La cultura de la confrontación perdió una batalla

La mejor conclusión que se puede extraer del discurso que ayer pronunció Ricardo Lorenzetti es que se convirtió en otro paso que da la Argentina para alejarse de la decadente cultura de la confrontación. El presidente de la Corte Suprema fue firme en su respuesta a los ataques que el domingo le había dedicado Cristina Kirchner pero mantuvo una línea de respeto hacia las personas y hacia las instituciones.

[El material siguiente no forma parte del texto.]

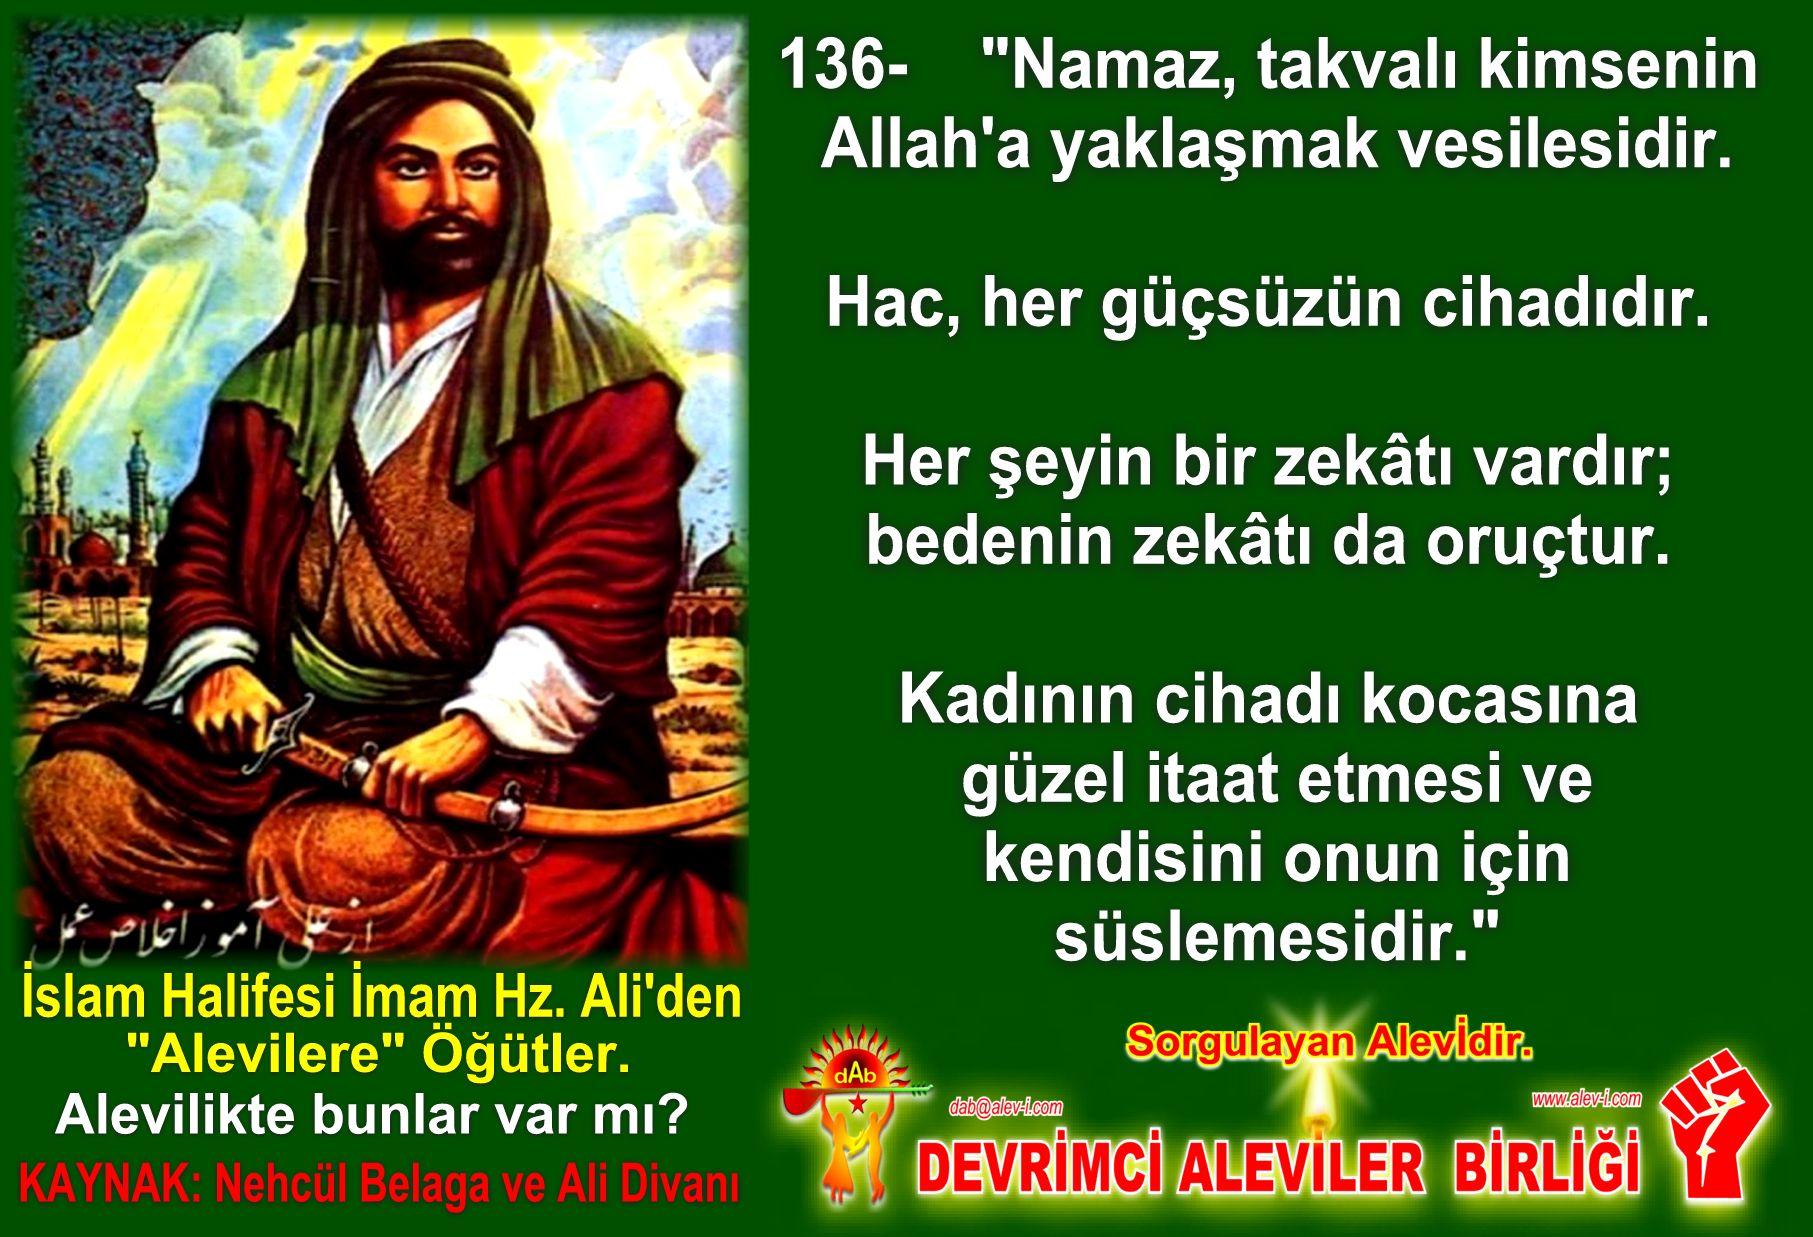 12 Hz imam Ali divani Alevi bektasi kizilbas pir sultan cemevi cem semah devrimci aleviler birligi DAB Feramuz Sah Acar halife imam aliden inciler1

Las palabras de Lorenzetti fueron precedidas por un video que rescató las deudas pendientes de la democracia y recordó, entre las víctimas del Estado ausente, a los muertos de la tragedia ferroviaria de Once y al fiscal Alberto Nisman. Lo observaban la ex esposa del fiscal, la jueza Sandra Arroyo Salgado, y otros protagonistas de la batalla entre la Presidenta y el Poder Judicial como el ministro de Justicia, Julio Alak; la Procuradora Alejandra Gils Carbó, y el juez federal Daniel Rafecas.

Conceptos inconfundibles como "terminar con la impunidad" o "no hay poderes ilimitados" no rompieron la convivencia que en el Palacio de Tribunales mantuvieron jueces, fiscales, funcionarios oficialistas y dirigentes opositores. Es una señal alentadora para esta Argentina que necesita retomar el sendero perdido de la tolerancia.